Please reproduce all of the data exactly as it appears, but skip the pictures.

## [RAW DATA]
:::

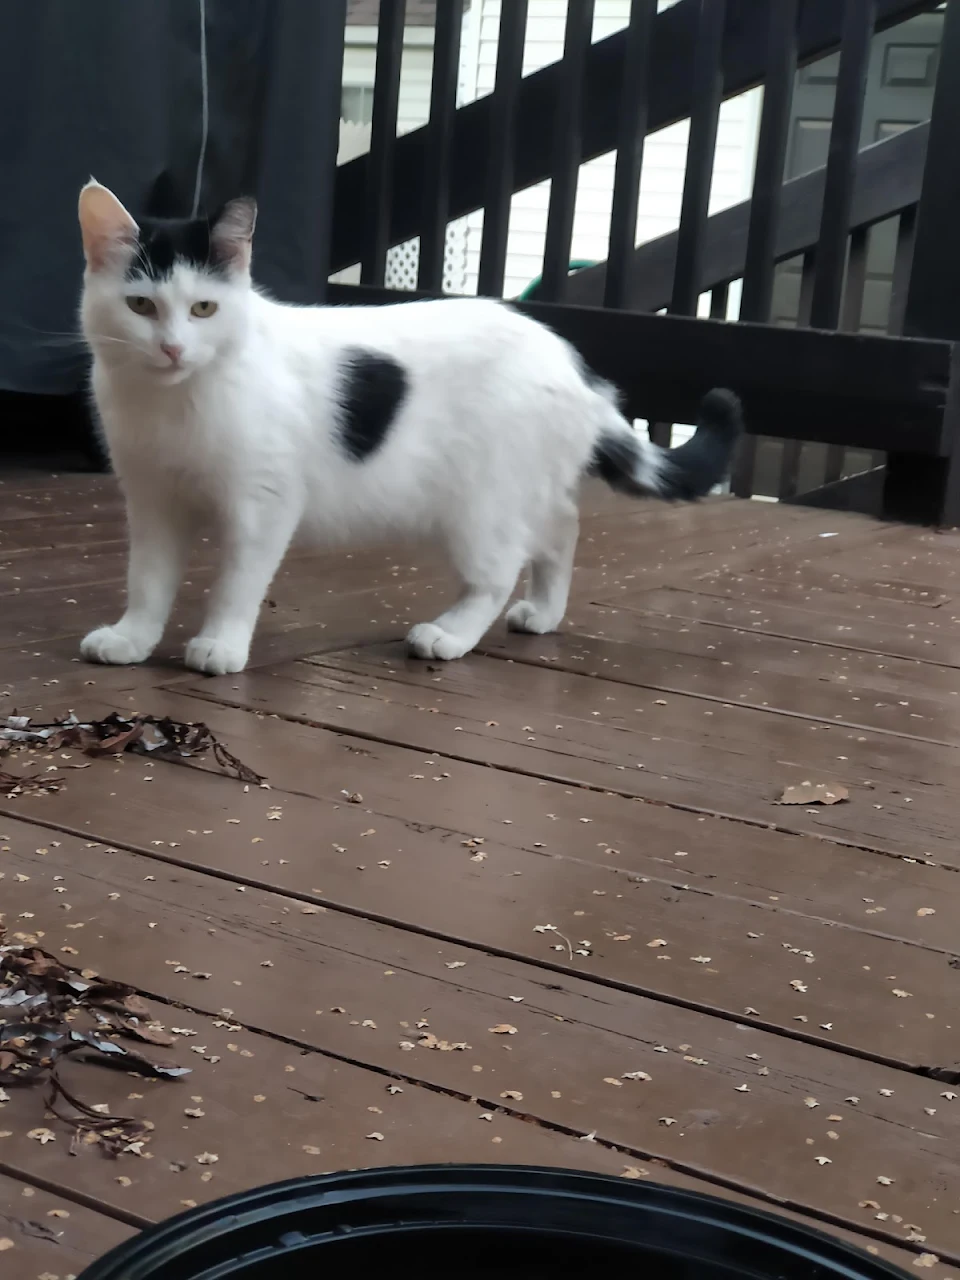 This cutie's been coming to my house a lot. It has a clipped ear, and I've heard that might mean it's a stray that's been caught, fixed and released. Is that pretty standard?
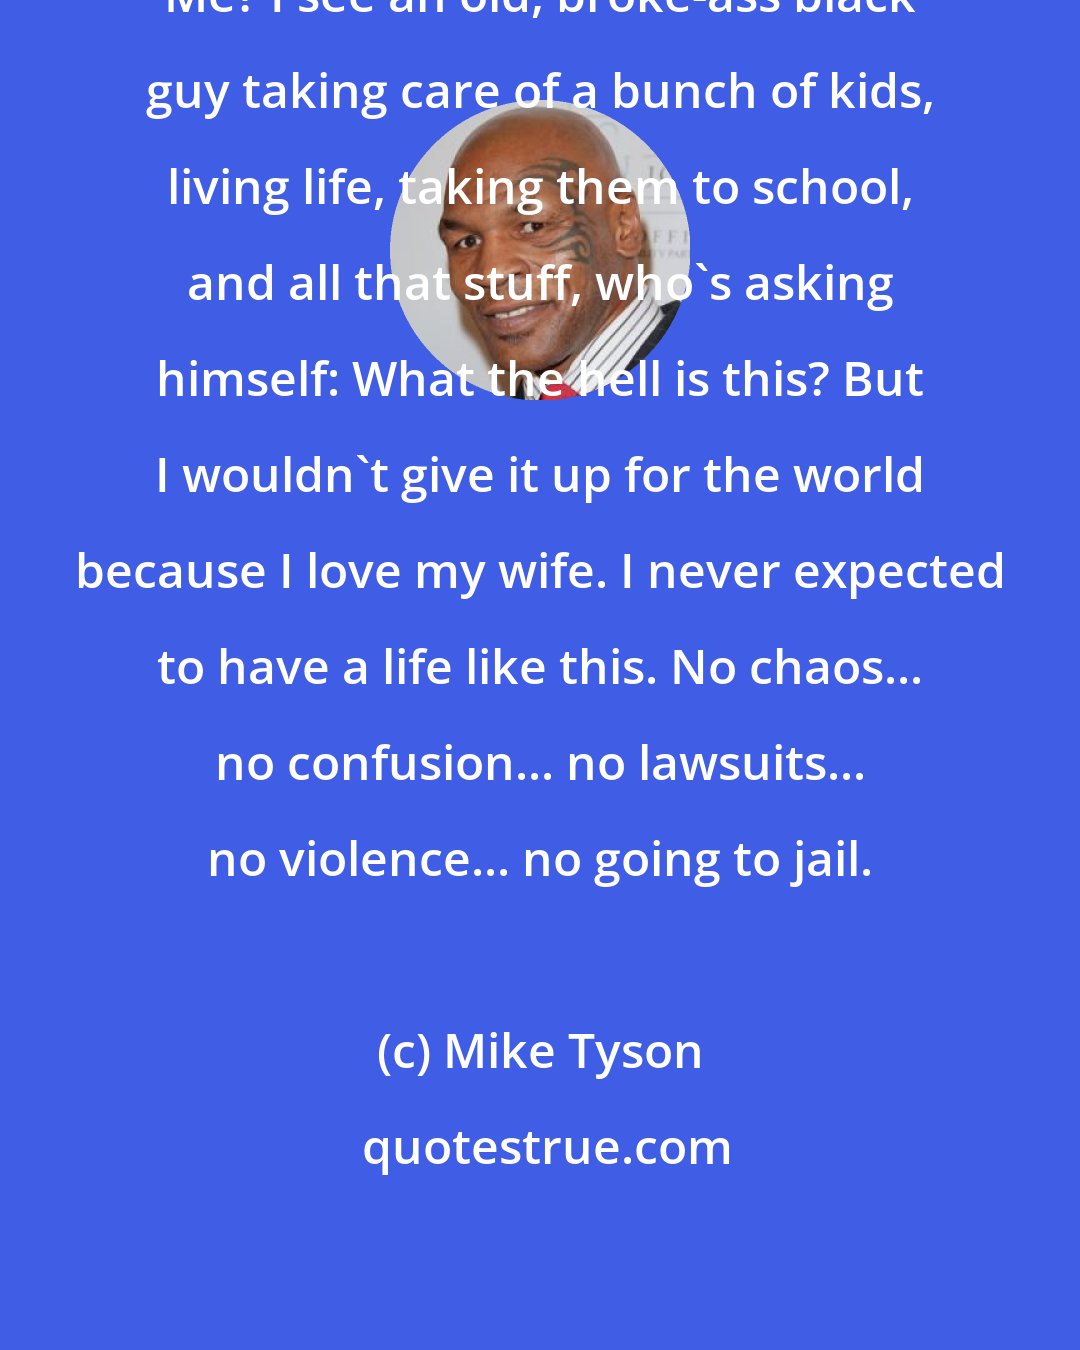 Mike Tyson: Me? I see an old, broke-ass black guy taking care of a bunch of kids, living life, taking them to school, and all that stuff, who's asking himself: What the hell is this? But I wouldn't give it up for the world because I love my wife. I never expected to have a life like this. No chaos... no confusion... no lawsuits... no violence... no going to jail.
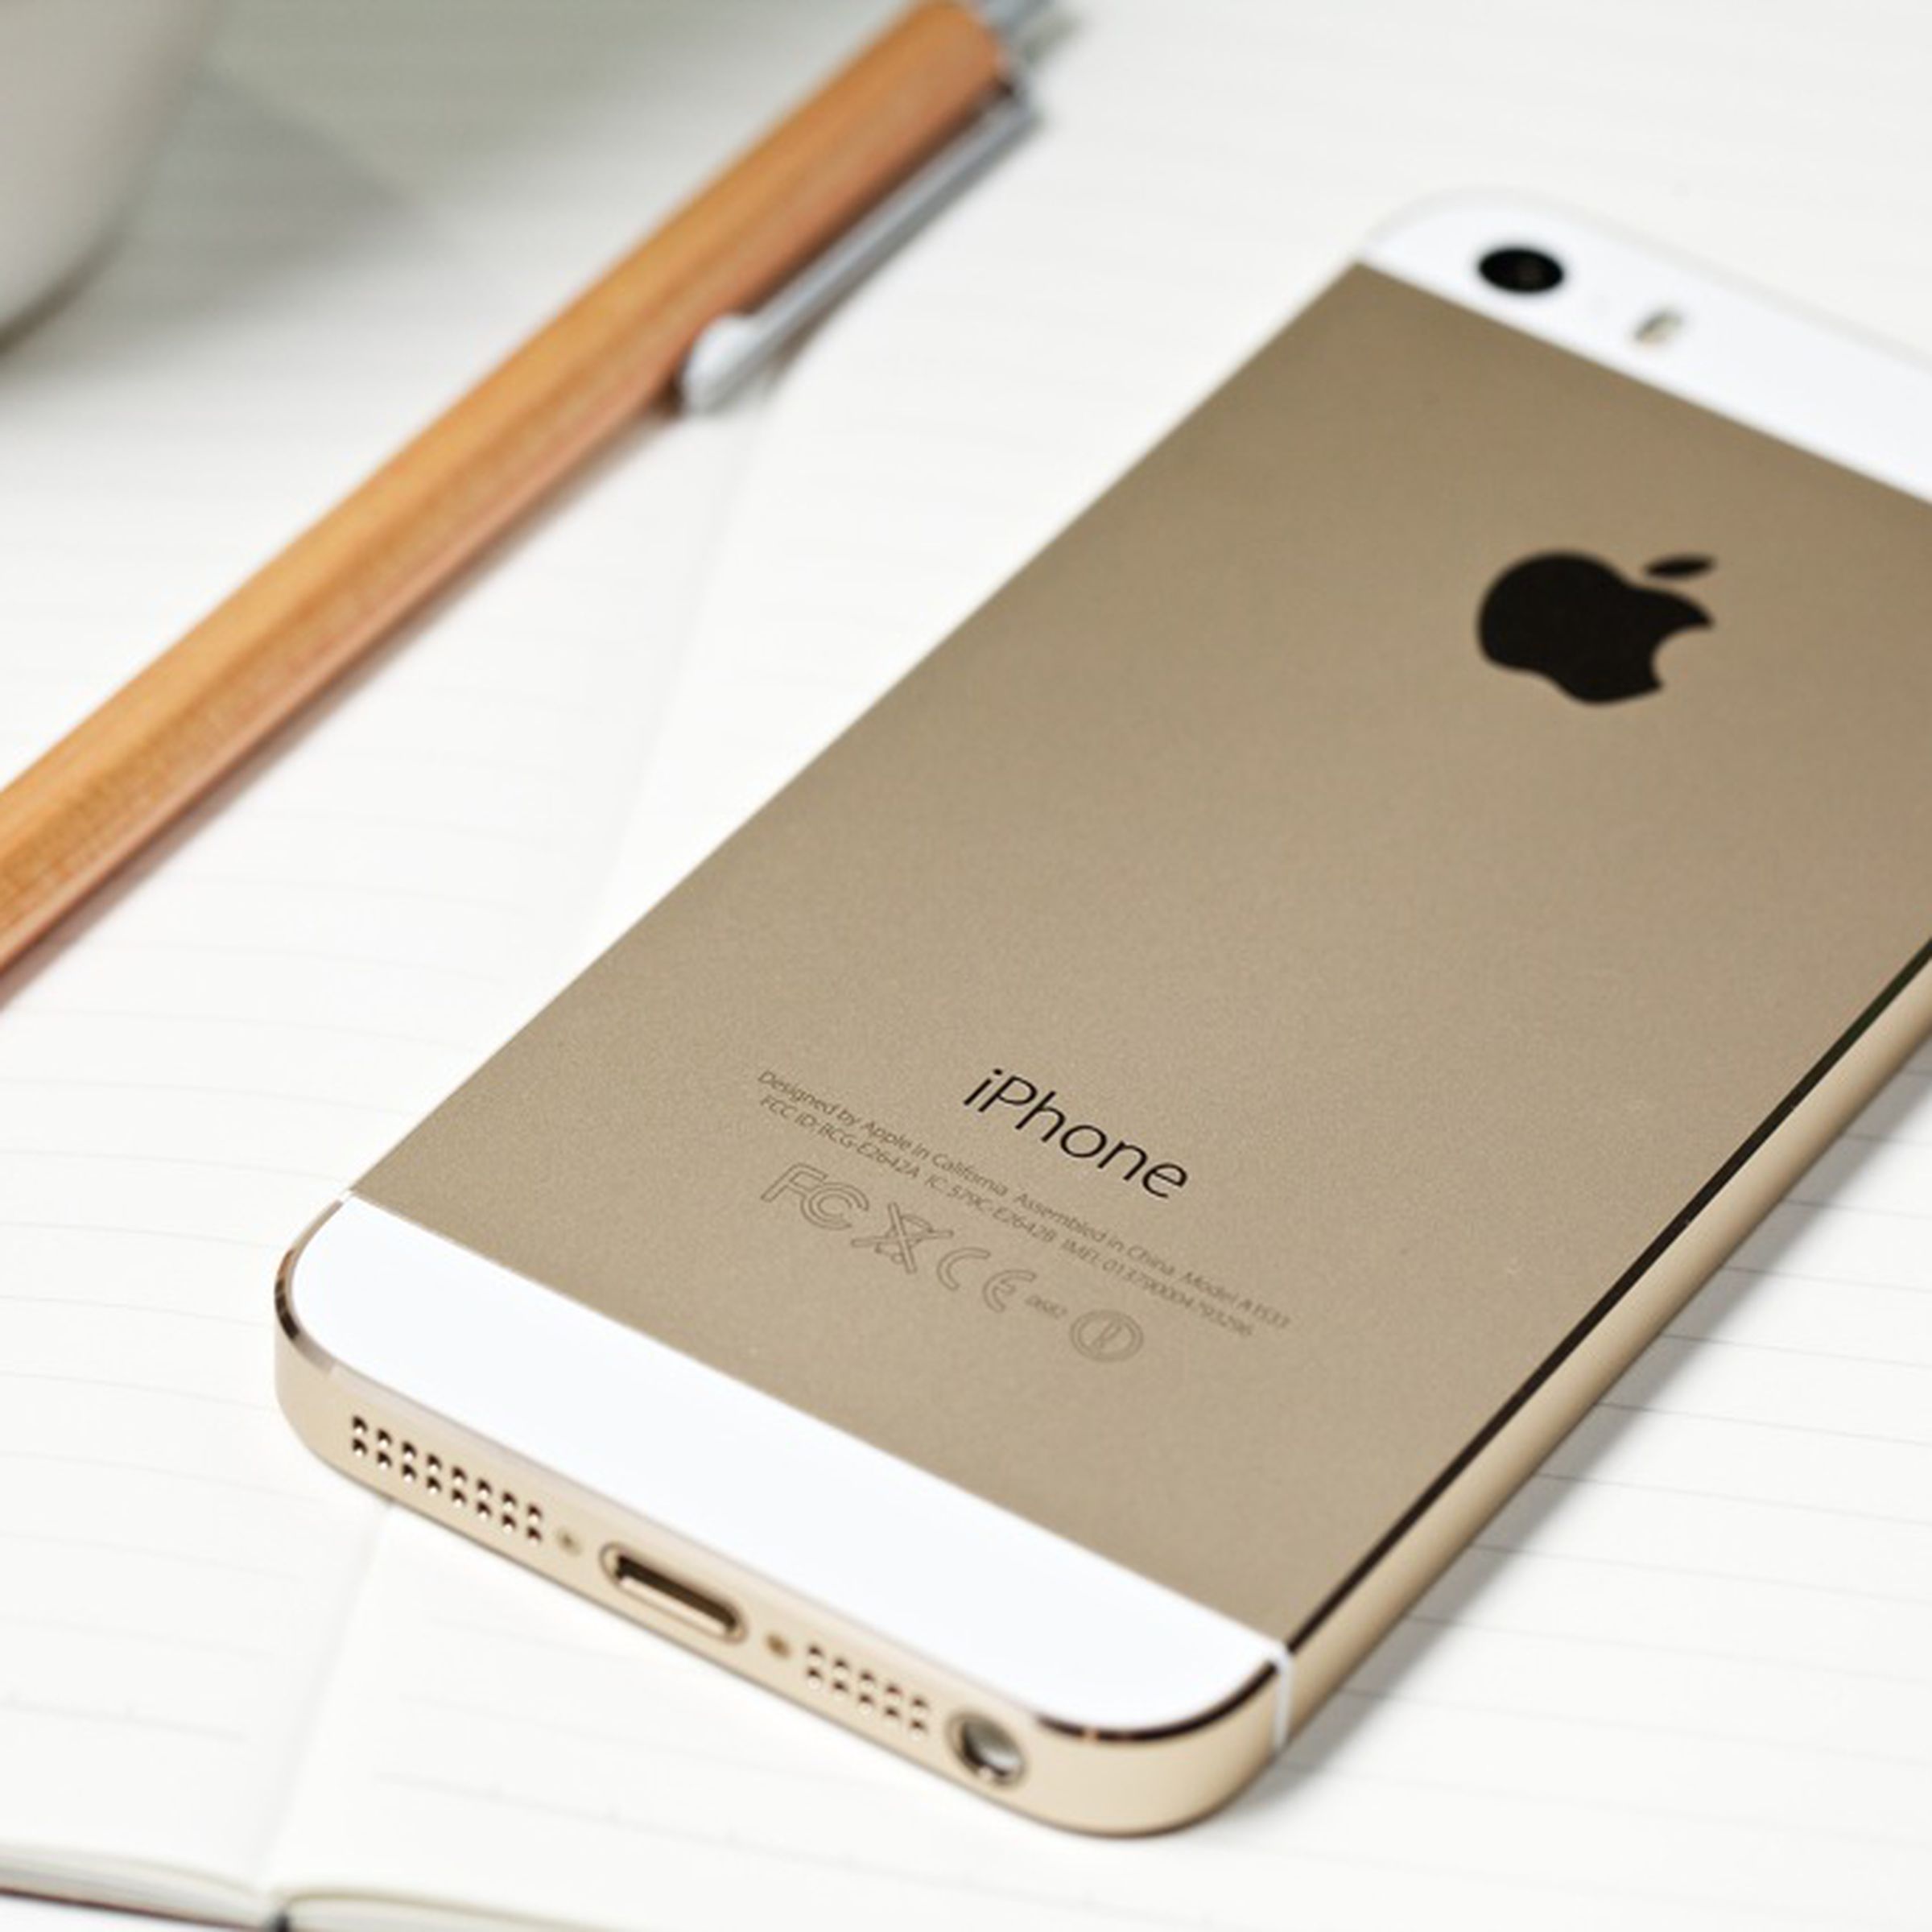 Image of a gold iPhone 5s laying on a table.

:::

## [EXERCISE RESPONSE]
 This cutie's been coming to my house a lot. It has a clipped ear, and I've heard that might mean it's a stray that's been caught, fixed and released. Is that pretty standard?
 Mike Tyson: Me? I see an old, broke-ass black guy taking care of a bunch of kids, living life, taking them to school, and all that stuff, who's asking himself: What the hell is this? But I wouldn't give it up for the world because I love my wife. I never expected to have a life like this. No chaos... no confusion... no lawsuits... no violence... no going to jail.
 Image of a gold iPhone 5s laying on a table.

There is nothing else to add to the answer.